The signal type analysis module, the known method that can be generally used using acoustic coding field.For example, movement
Perceptual entropy (PE) detection method of motion picture expert group version (MPEG) standard use, FAAC (free advanced audio) acoustic coding use
Short time FFT (Fourier transformation) energy measuring method or subframe energy variation detection method etc. for using of 3GPP standardization body.
In the step (1): when signal sub-frame processing, if treated, signal is discontinuous in frame boundaries, can generate bright
Aobvious fast effect phenomenon.Can be in framing, using the method for interframe data overlapping, i.e., the partial data of adjacent two frame data is
Overlapping, and before treatment to overlapped data adding window.Specifically when realizing, the window function that can be used includes raised cosine window, KBD
Window etc..The method of the frame overlapping removal blocking artifact belongs to the known method of field of signal processing.

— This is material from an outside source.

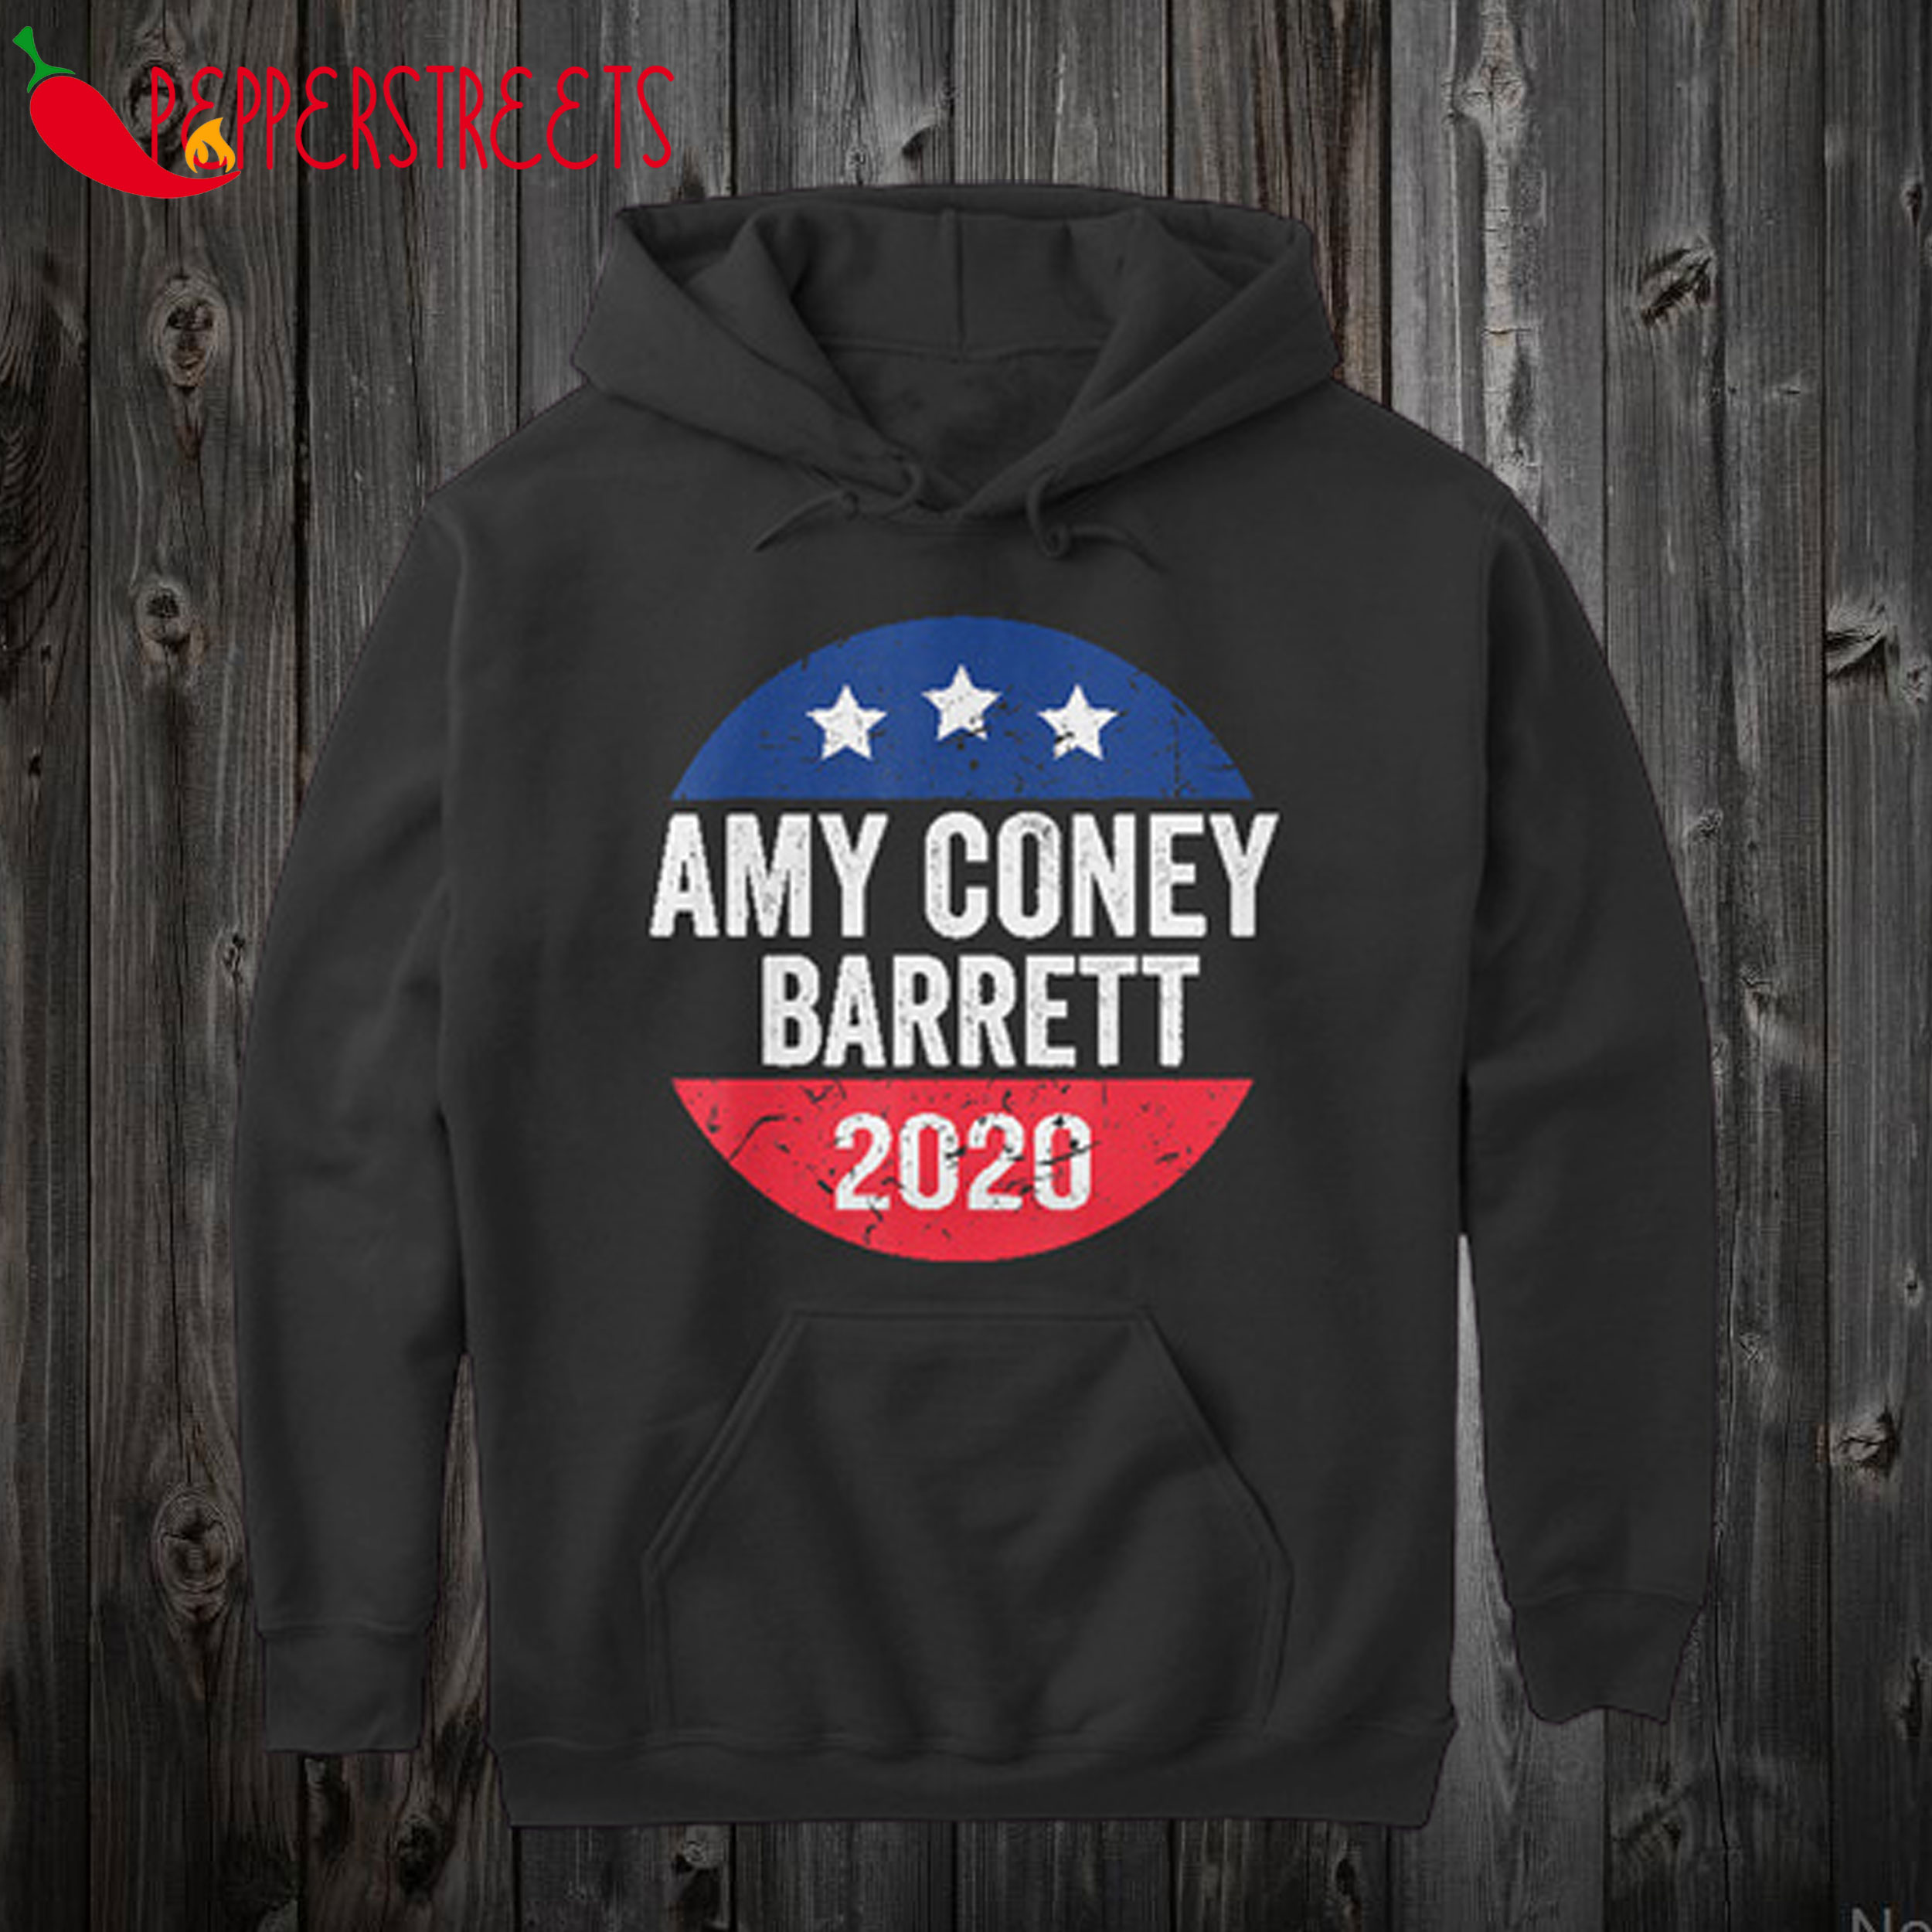 Amy Coney Barrett 2020 fill seat Hoodie

It is corresponding, in the step (9): mapping mapping block and a block superposition when processing module includes a frequency when frequency
Module, input frequency domain data are mapped to time domain by mapping block when the frequency, and are output to block laminating module, and block laminating module will
The time-domain signal overlap-add of input obtains target sound signal.Specifically, mapping block obtains new channel number when through overfrequency
According to rear, former frame addition will be corresponded to after the new channel data adding window of lap, if two frame of front and back corresponds to the window letter of sampled point
Several quadratic sums is 1 (i.e. the energy of front and back window overlap-add is 1), can obtain preferable deblocking effect effect.It is adopted at this time
Window function should be identical as the window function used in step (1).

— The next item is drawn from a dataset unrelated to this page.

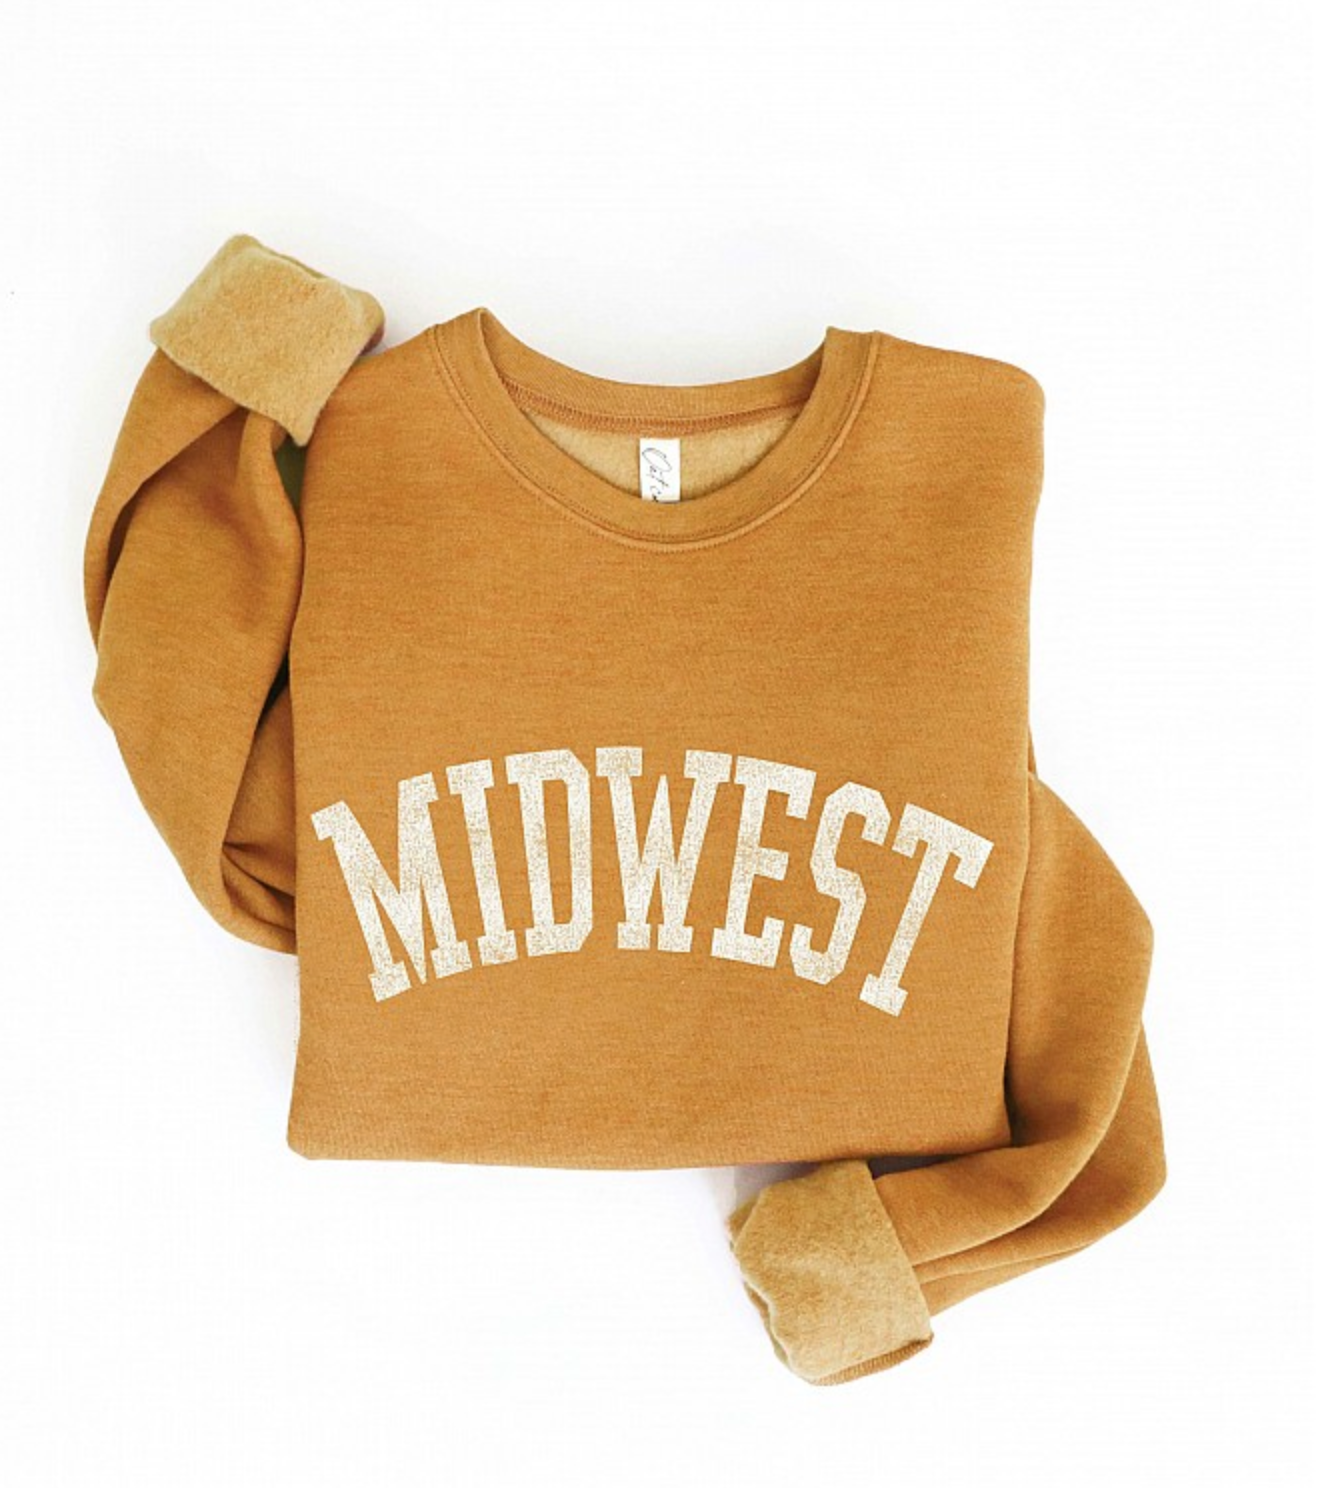 "Midwest" Graphic Sweatshirt

The efficiency and quality of acoustic processing can be effectively improved by above-mentioned improvement.
It, need to be in the base of existing two channel loudspeaker when the triple-track voice signal obtained by adopting the above technical scheme plays
Increase third channel loudspeaker on plinth, the third sound channel is when playing, loudspeaker and the first channel loudspeaker and the rising tone
Road loudspeaker is on concentric circles, and the angle between the first channel loudspeaker and second sound channel loudspeaker is identical, such as Fig. 2 institute
Show.It, can also be by the first channel loudspeaker, second sound channel loudspeaker and third channel loudspeaker cloth in actual loudspeaker arrangement
It sets point-blank.When the first channel loudspeaker and smaller second sound channel loudspeaker angles, lip synch error resulting from
Cannot be discovered by human ear, at this point, third channel loudspeaker will translate downwards in Fig. 2, device outerplanar and the first channel loudspeaker and
Second sound channel loudspeaker is point-blank.It, can be in more professional application (such as recording studio, post-production and monitoring)
According to the regulation of ITU standard, the mode that the center of circle is directed toward in loudspeaker axle center puts loudspeaker.

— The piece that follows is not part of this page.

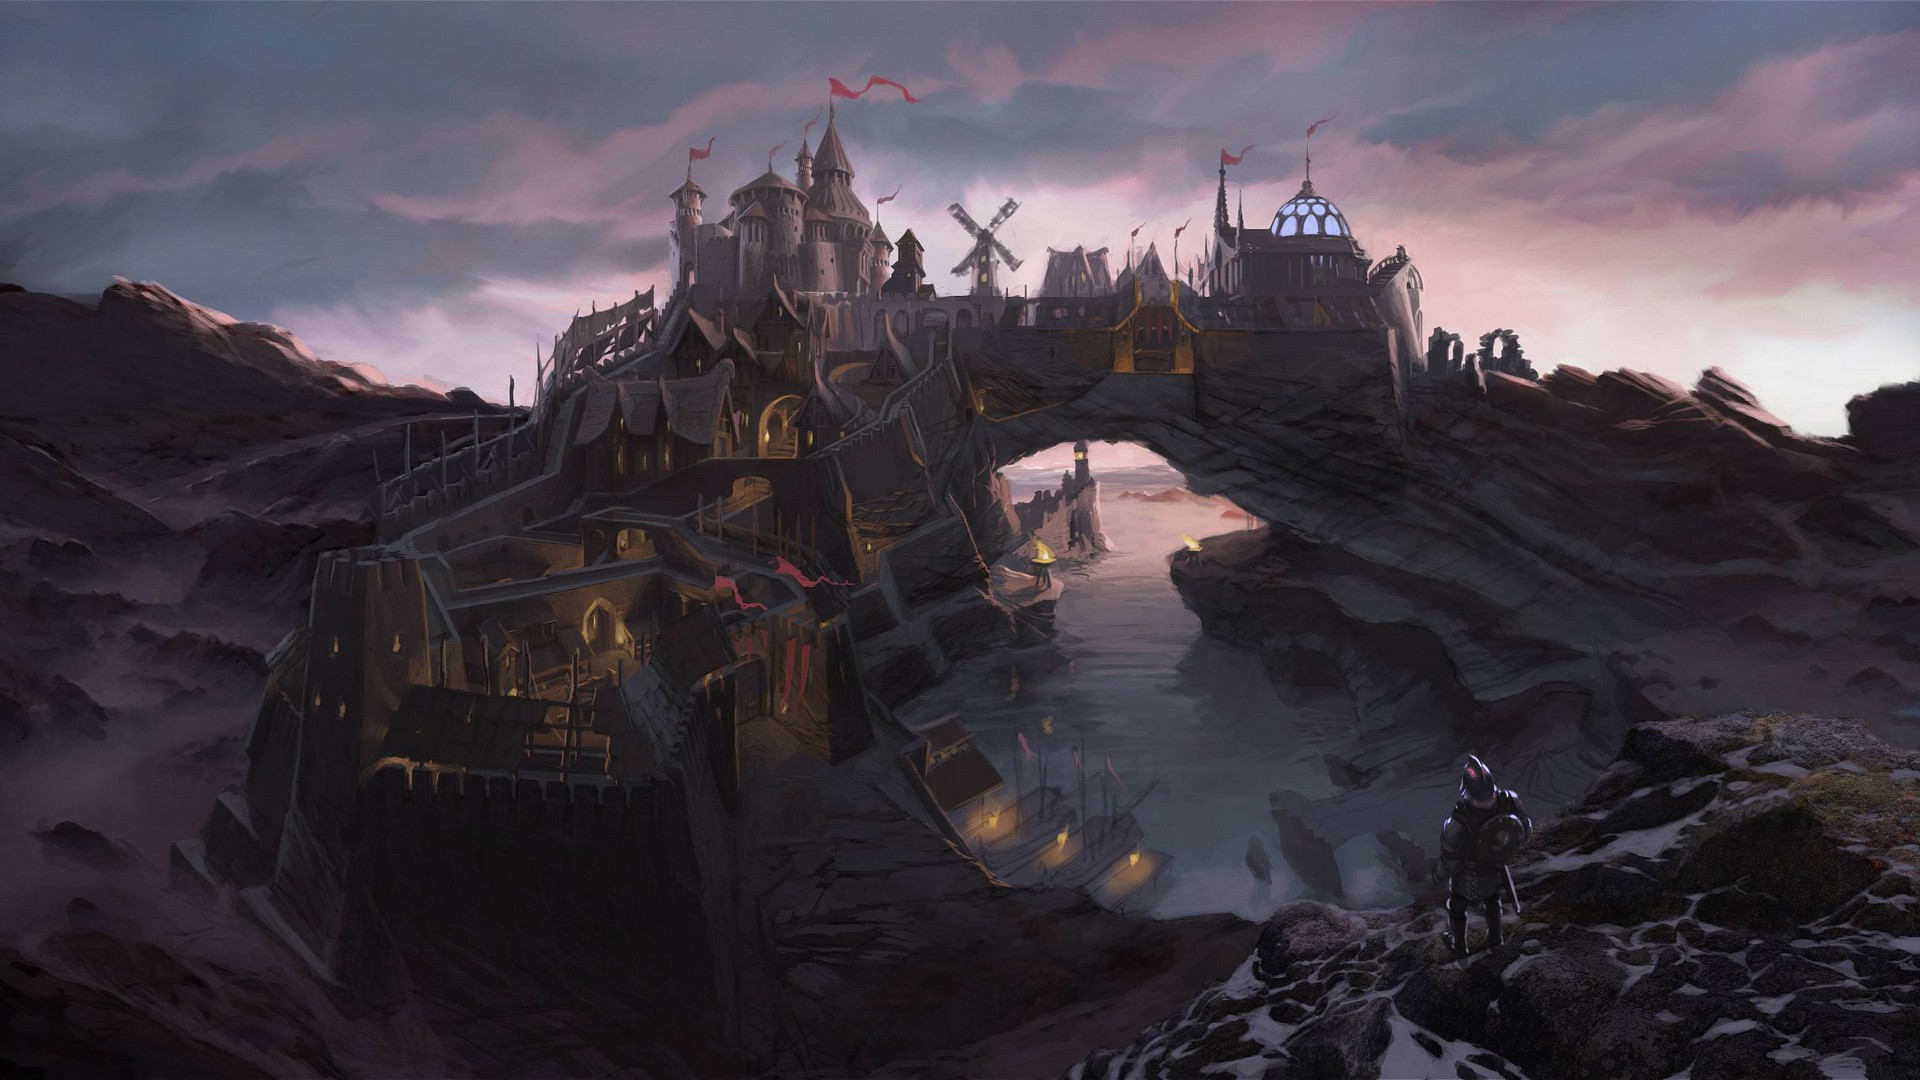 General 1920x1080 The Elder Scrolls V: Skyrim city fantasy art video games RPG PC gaming video game art

First channel loudspeaker and second sound channel loudspeaker can raise the left speaker of system for stereophony
With right loudspeaker, it is also possible to any two adjacent loudspeakers of any other multi-channel system.
As described above, must not be explained although the present invention has been indicated and described referring to specific preferred embodiment
For the limitation to invention itself.It without prejudice to the spirit and scope of the invention as defined in the appended claims, can be right
Various changes can be made in the form and details for it.